Rigell responded to Graves' criticism by noting that he had spoken to administrators at the Library of Congress who said reports prepared for all members were already being made available to lobbyists and special interest groups, who find out about them as soon as they're released to members.
But the ranking Democrat on the Legislative Branch Subcommittee, Rep. Debbie Wasserman Schultz (D-Fla.), said that wasn't the case. She also said making the reports widely available would slow down the information getting to members.
"I have serious concerns about changing the role that the Congressional Research Service plays," Wasserman Schulz said, arguing that it would not help members to have CRS go through a "long and arduous approval process."
In the video above, debate for the CRS amendment starts at 2:38:00.
Yet as open government advocate Daniel Schuman noted in a post on Medium, CRS reports already go through "an arduous, multi-stage review process because they know the reports will become publicly available."
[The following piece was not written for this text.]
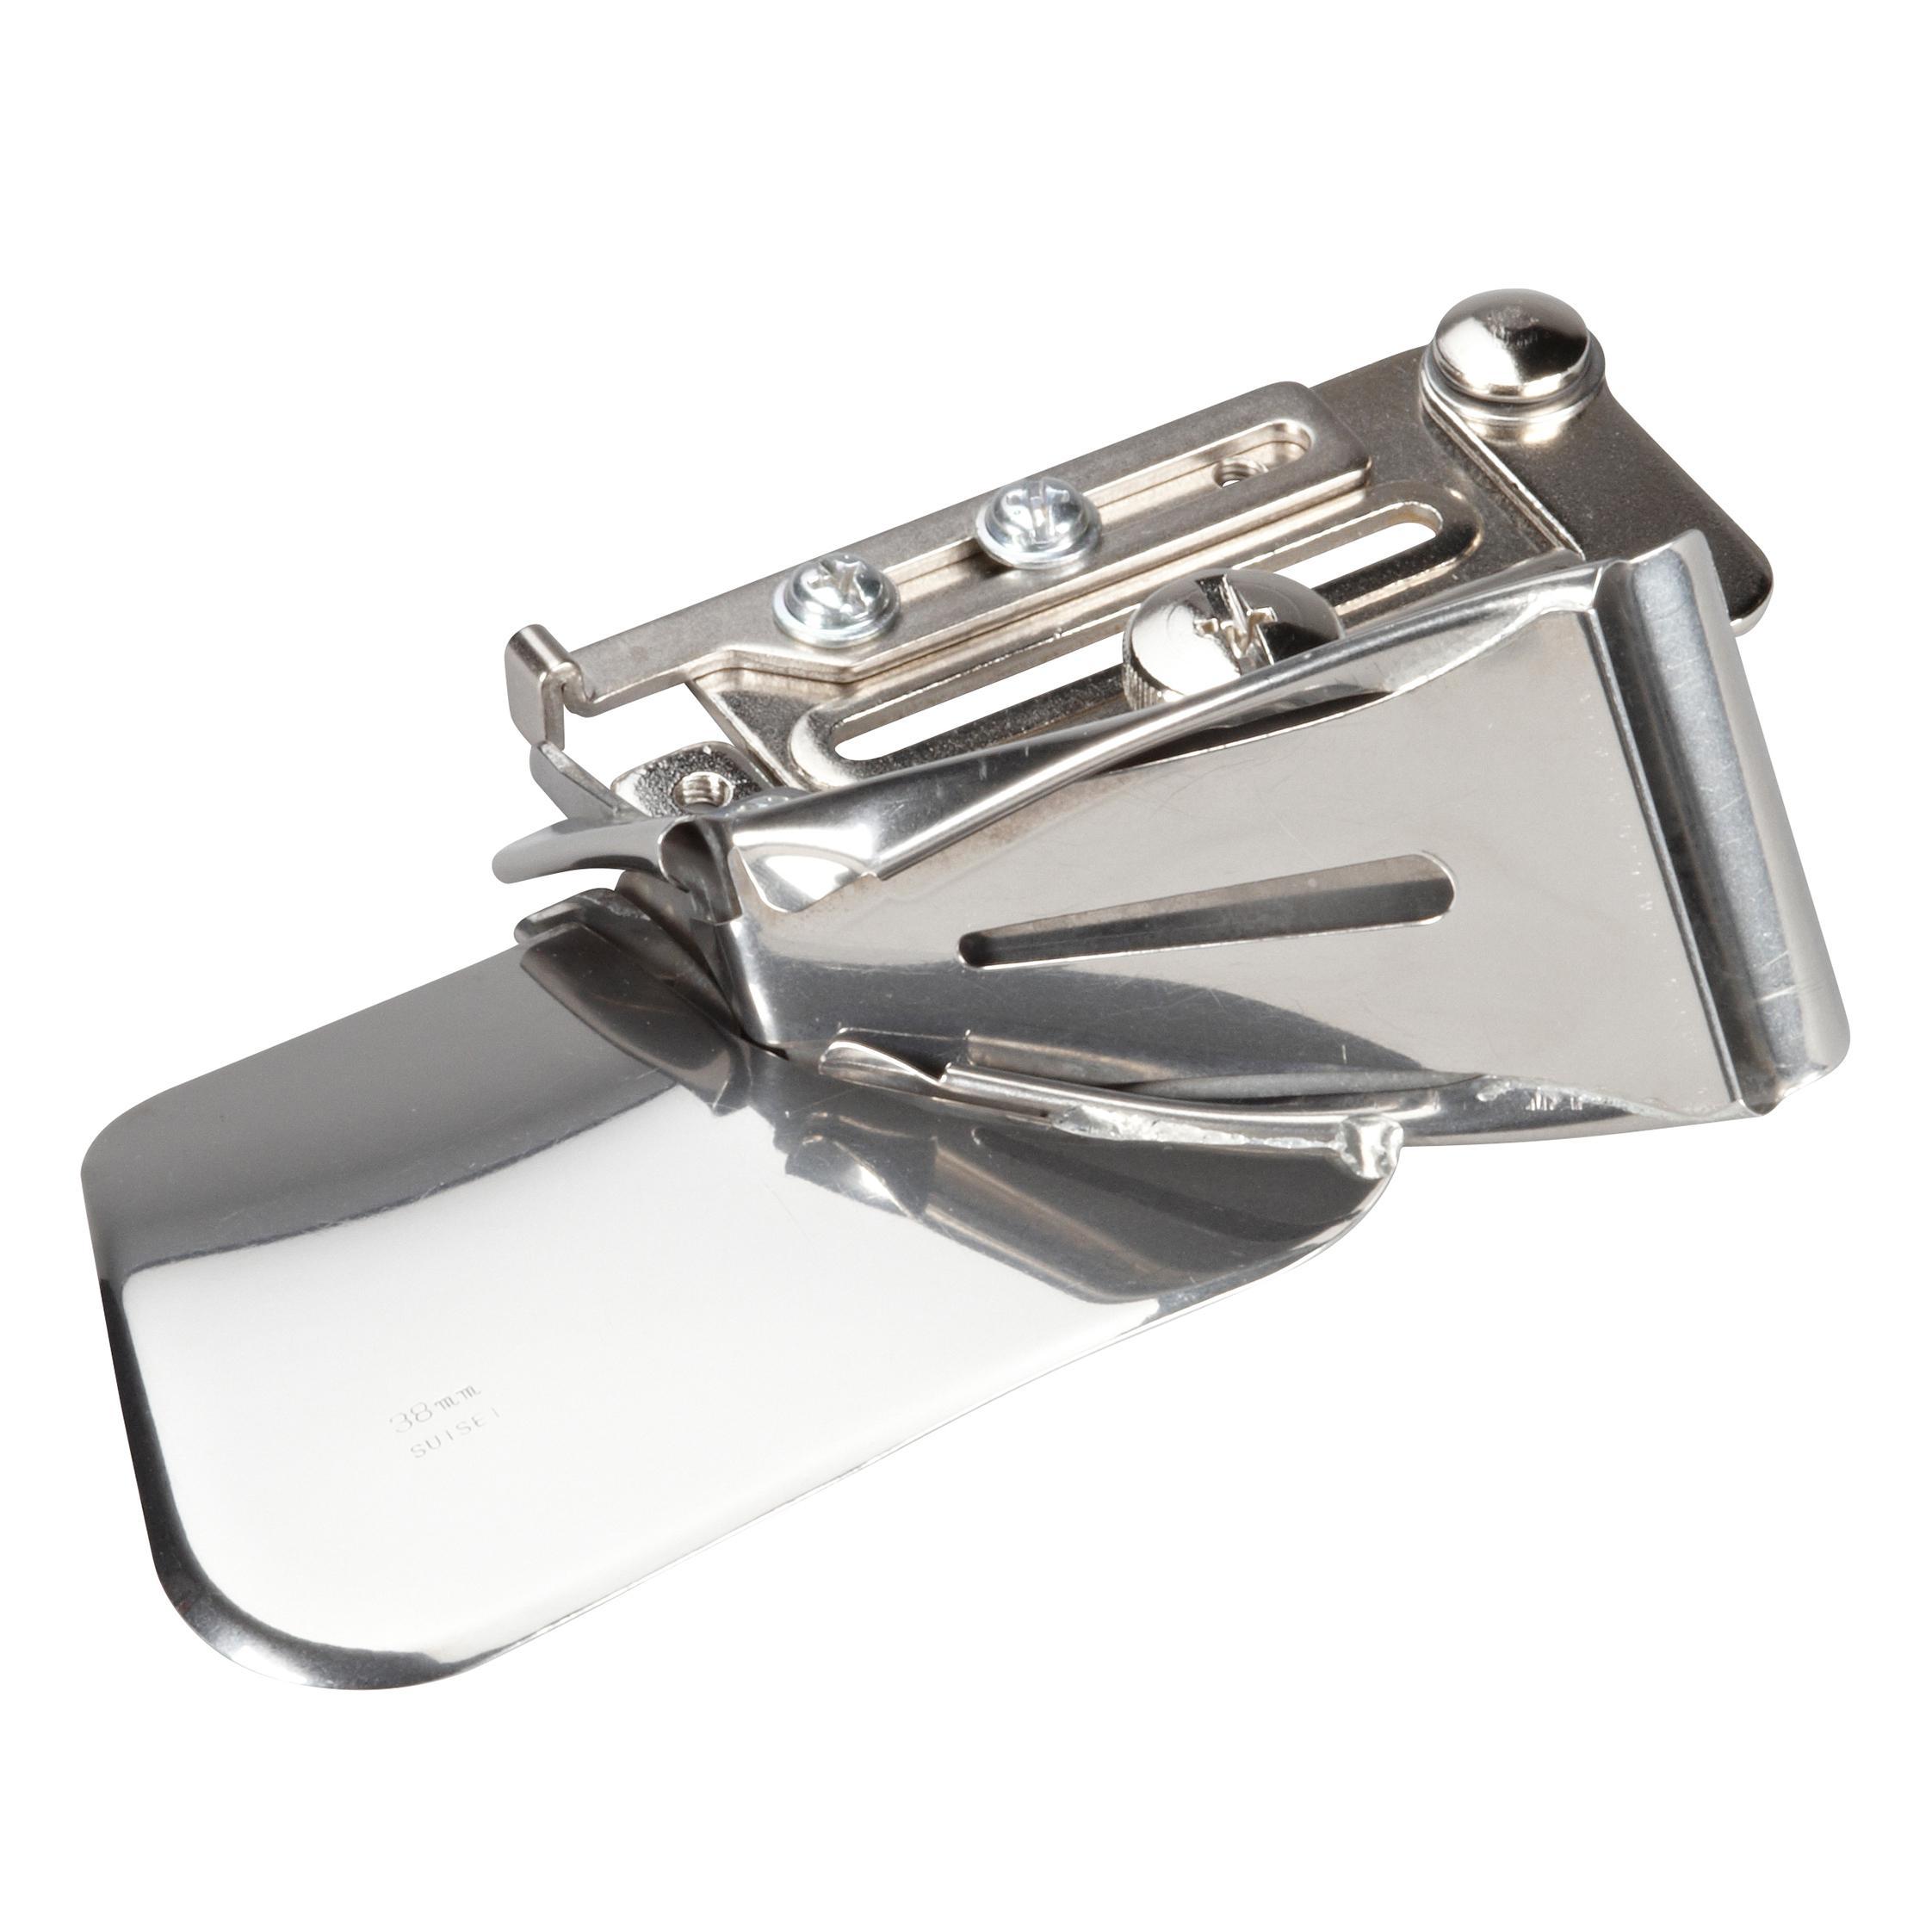 Bernina Binder Attachment # 88 For Unfolded Bias Tape

Ultimately, the full committee voted down the amendment in a roughly party-line vote. All Democrats -- with the exception of Wasserman Schultz and Reps. Nita Lowey (N.Y.), Jose Serrano (N.Y.), Sanford Bishop (Ga.), and Betty McCollum (Minn.) -- voted for the measure. All Republicans -- with the exception of Rigell and Reps. Kevin Yoder (Kan.) and David Young (Iowa) -- voted against it.
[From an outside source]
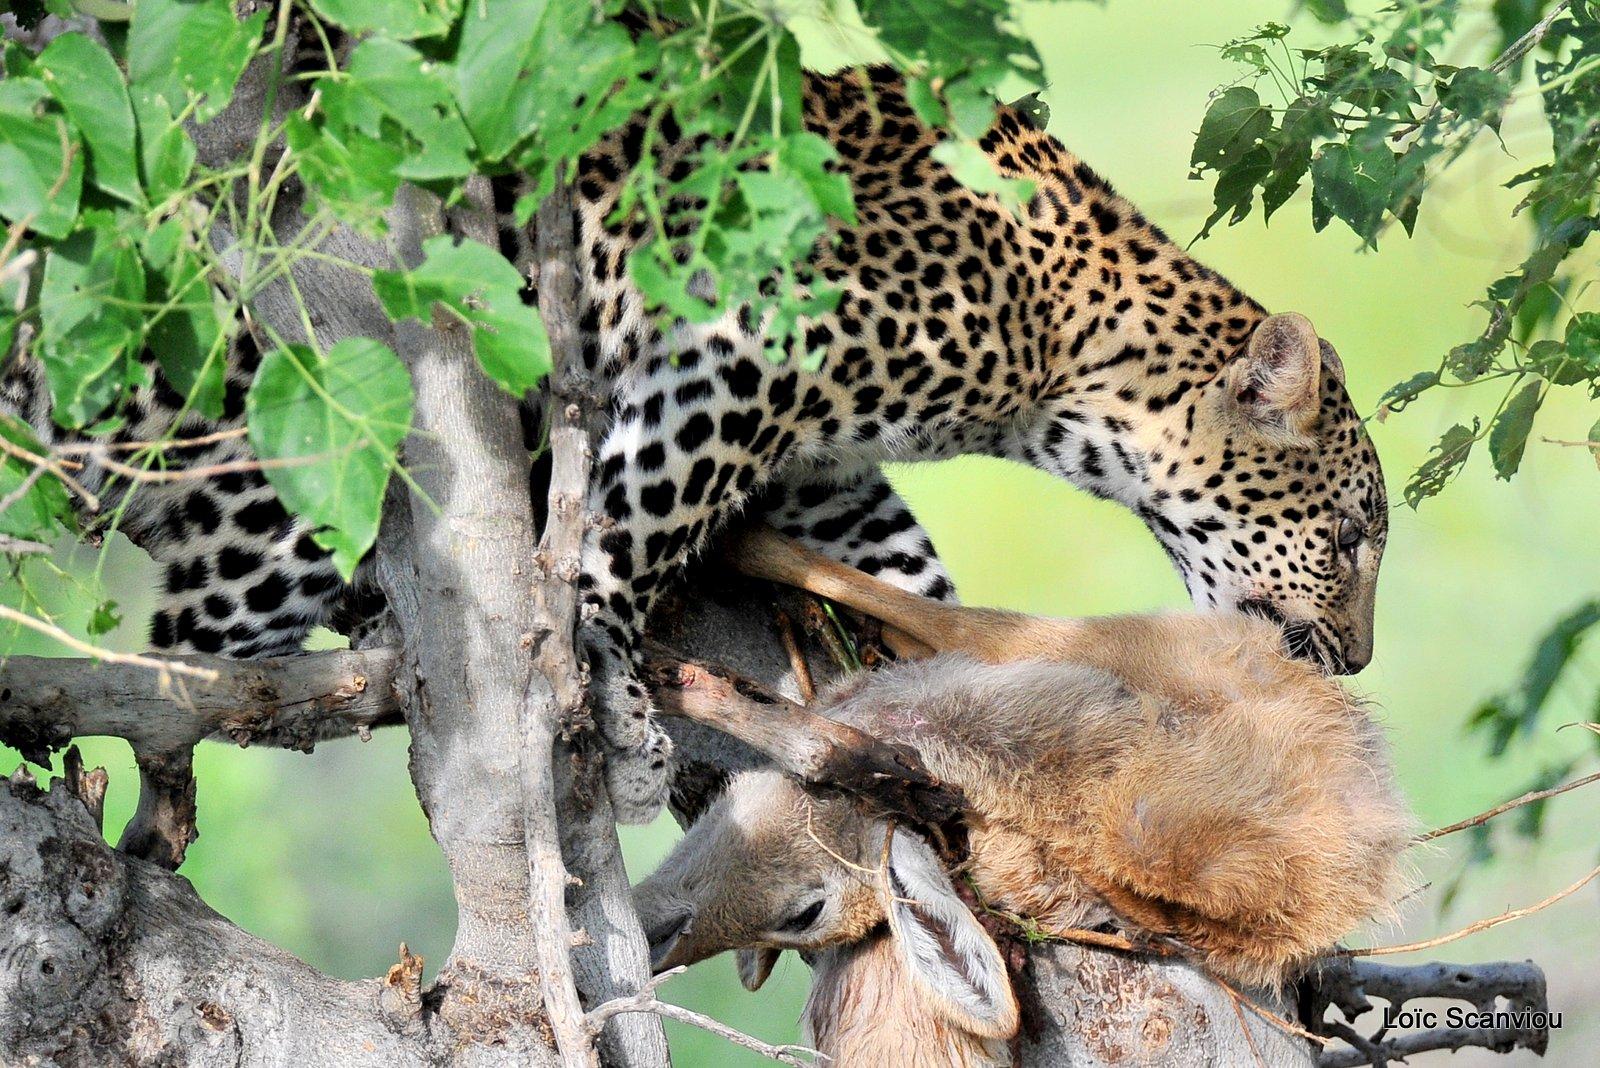 Léopard qui mange/Leopard eating (4)

The committee also voted down a second amendment from Quigley that would have simply allowed a list of the names of the reports to be published online, with the expectation that a voter who wanted to read a report could contact his or her member of Congress.
Again, Graves and Wasserman Schultz opposed the amendment.
Graves said he was against it "for the same reasons as before," and Wasserman Schultz called the amendment "the nose under the camel's tent."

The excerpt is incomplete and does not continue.